Events are happening at dizzying speed in Bolivia. The bloc carrying out the coup d’état has a series of steps to take and carries them forward. Añez’s self-proclamation, gospel in hand and with the tricolor sash put on her by the Bolivian Armed Forces, was one of them. This Wednesday, Nov. 13, The next one took place, that of creating a fictional government — that is to say, putting someone in position to give orders.
These steps have a paradox: While [the coup-makers] try to make it appear that there is a new government following laws, the unconstitutional way in which they do it shows the magnitude of the coup d’état. Not only for analysts, parties and diplomats, but for a part of the population that sees the self-proclamation as something impossible to justify democratically.
That situation was reflected in the uprising in the city of El Alto that began on Monday, Nov. 11, which this Wednesday became a massive town meeting and then descended in a unified manner to La Paz. The number of people mobilized [in resistance to the coup] is increasing daily, and their radicalism is being consolidated.
The situation in this key area of Bolivian history and political dynamics graphs the tensions and unity. On the one hand, the mobilizations [of resistance to the coup] have two indisputable points of unity: the defense of whipala [Indigenous flag] that was trampled by the coup-plotters — “it is the revolution of the whipalas,” said an Aymara [Indigenous] leader — and on the other side [the self-appointed President] Añez, who has made anti-Indigenous statements, with her illegal presidency.
On the other hand, [within the resistance] there is a point of debate: the return of Evo Morales. One sector chants it, demands it and fights to make it a reality, while another affirms that it does not belong to the Movement Toward Socialism (MAS) –“We are not Masists,” they say. But it is clear [the resistance] must confront a coup d’état that does not distinguish between those who are Masists and those who aren’t, and that pursues, represses and murders equally.
Police violence fuels resistance
This situation seems to be in an upward spiral where police violence fuels the uprising. There have already been two deaths in El Alto — possibly three — and the prolonged repression, for hours this Wednesday, strengthens the already clear separation: El Alto, the whipala, the Indigenous nations against the coup d’état led by those who despise and humiliate them.
The coup leadership is trying to send messages addressing and defusing this confrontation, such as placing whipalas on top of military tanks, or broadcasting videos of Fernando Camacho — the main civilian and business face of the coup — and Añez in which they claim to be united and respect diversity and the whipala.
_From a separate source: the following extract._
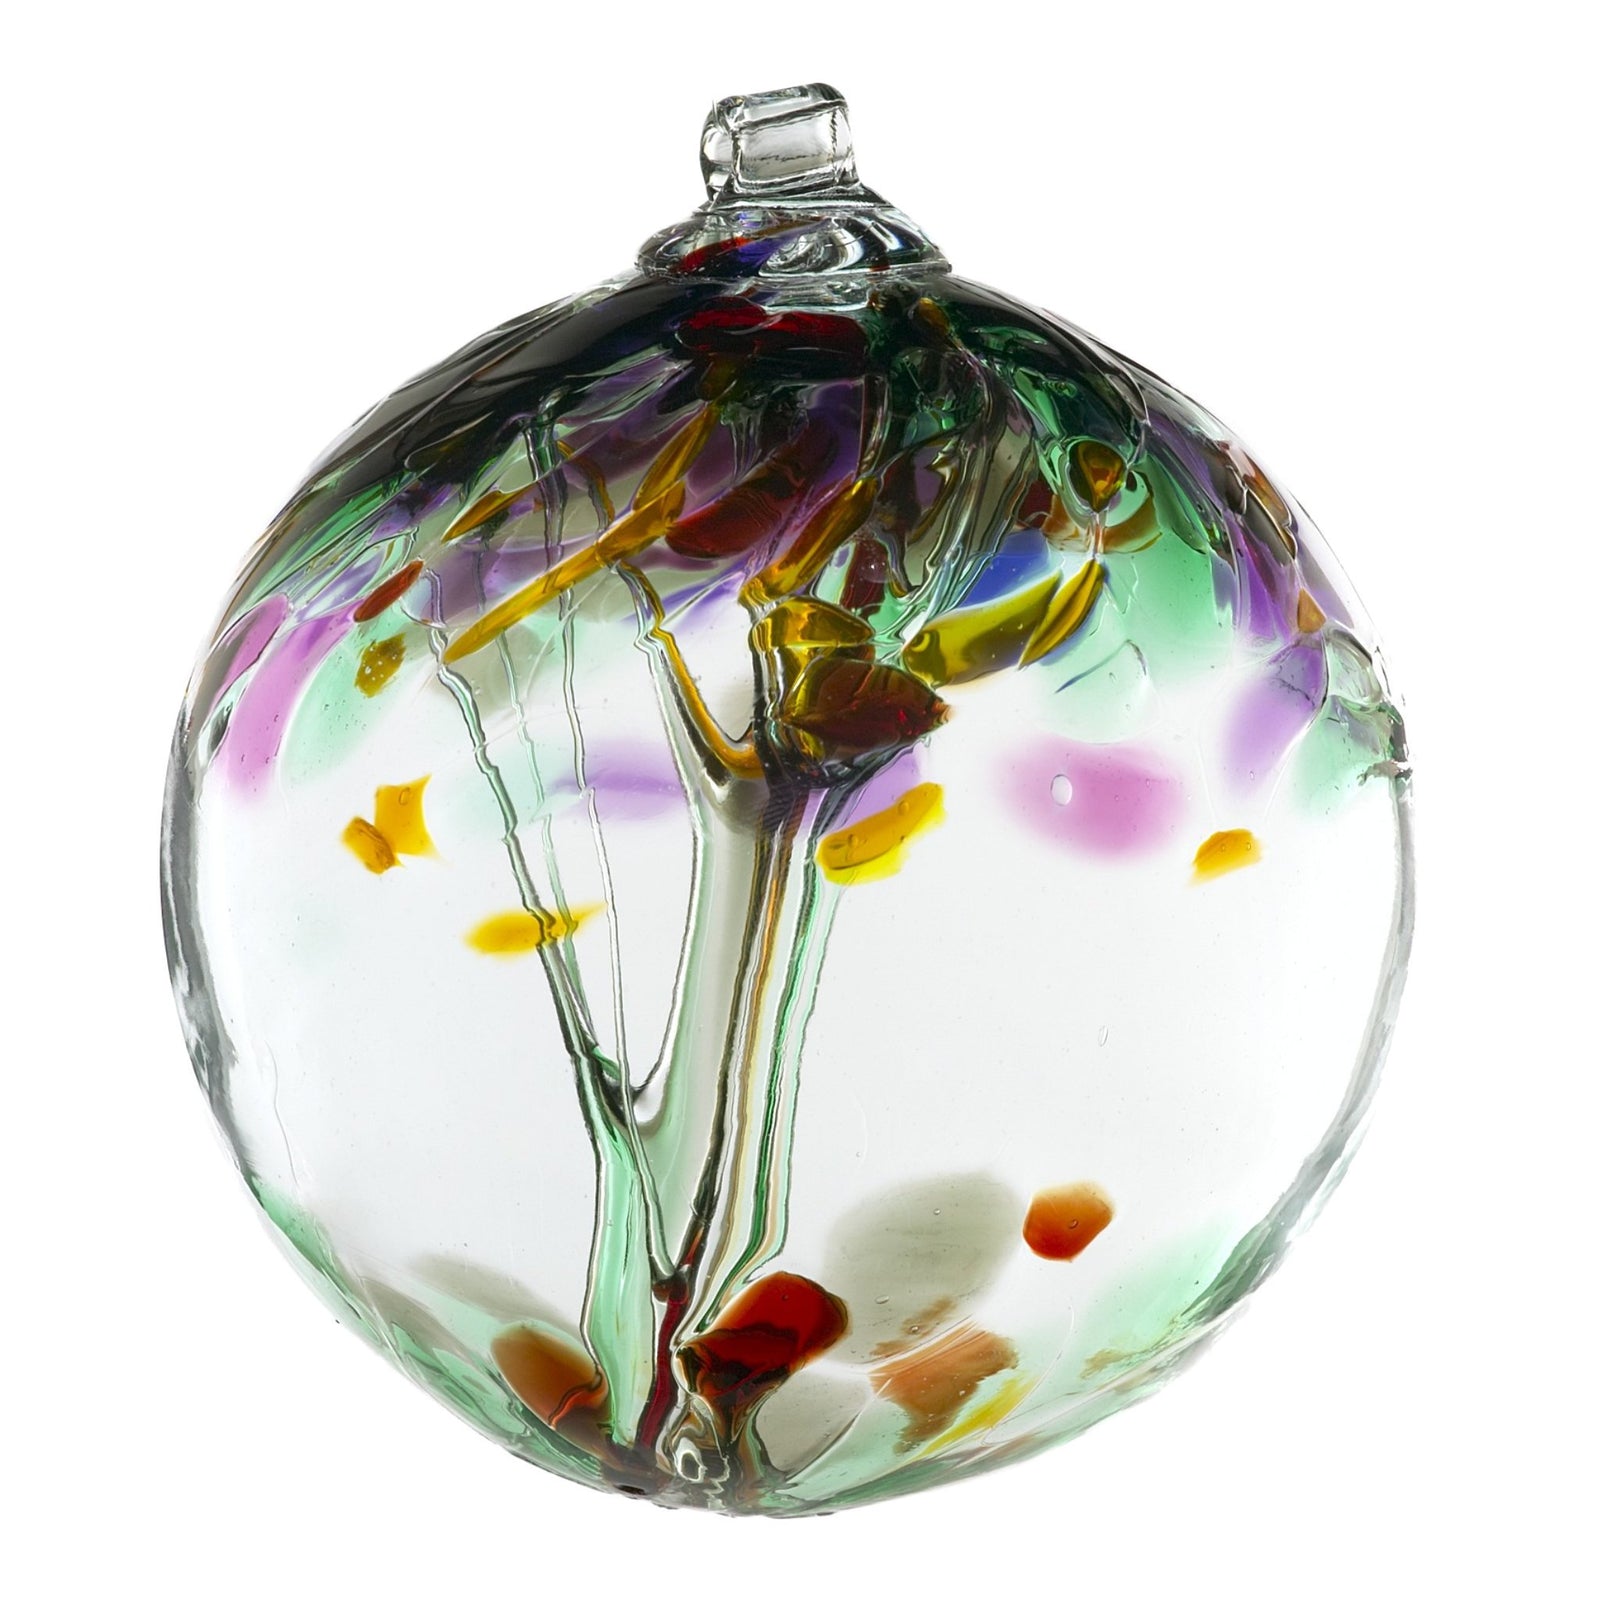 Tree of Enchantment Ball | Remembrance 6" Hand-blown Art Glass Ornament
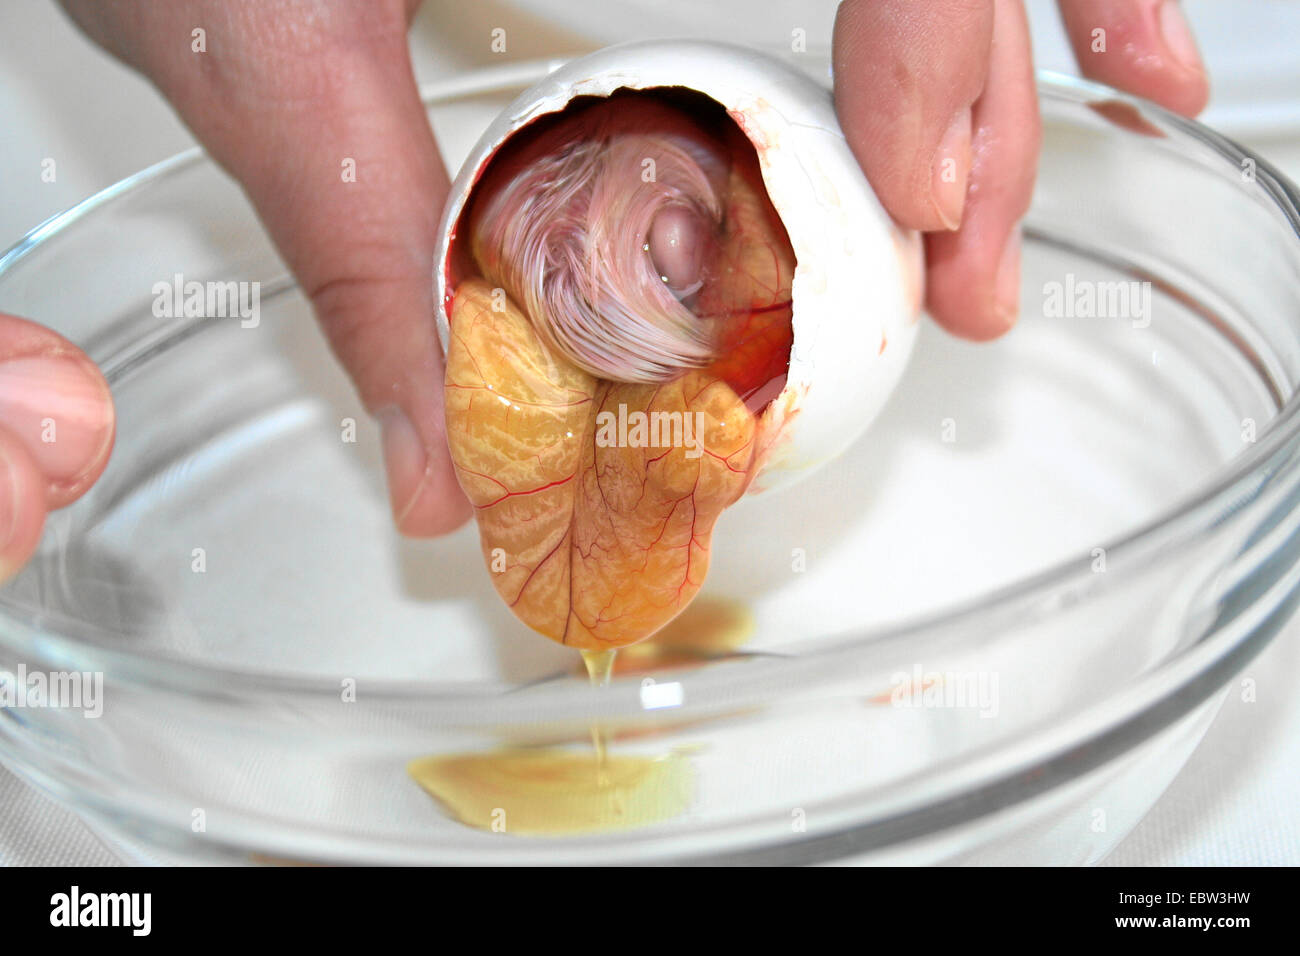 content of a fertilized duck's egg called balut, being eaten in the Far East as delicacy and supposed aphrodisiac, is poured into a glass bowl Stock Photo

These messages have failed to produce the desired effect. The establishment of a process of resistance is advancing, not only in El Alto, but also in rural areas, with local mobilizations, in highways, cities and other places that converge toward the city of La Paz, where the [Indigenous peoples’ militia] Ponchos Rojos arrived on Wednesday. Will a siege of La Paz take place? It is one of the main fears experienced at this hour.
Fear is precisely what motivates many of those who support the coup and celebrate it. They organize in their blocks of middle-class and wealthy areas to defend themselves from what they present as the invasions of El Alto and the Indigenous peoples.
Fear and revenge are two of the engines that move the coup. The overthrow of Morales has several objectives, among which is to return the country to the ruling classes: that of a Bolivia governed by them and for them.
They are advancing toward that objective, and on Wednesday night eleven ministers of the new cabinet were appointed after the repression and the news of the dead. According to several newspapers, there were two deaths: one in Montero and another in Yapacaní, in the department of Santa Cruz.
The news of repression, persecution, arrests, gunfire against demonstrators are multiplied in social networks, but speed, censorship, the rupture of the rule of law and the lack of government open an area of impunity that seems to have no limits. Who has commanded the Bolivian Armed Forces until tonight? Who commands the right-wing armed groups that have lists of Masists to be assassinated?
The process of consolidation of the coup is advancing in its steps and has international backing. In addition to the U.S. government and the secretary of the Organization of American States Luis Almagro, the Colombian government backed the coup, and the high representative of European Union foreign policy Federica Mogherini supported the appointment of Añez as interim president.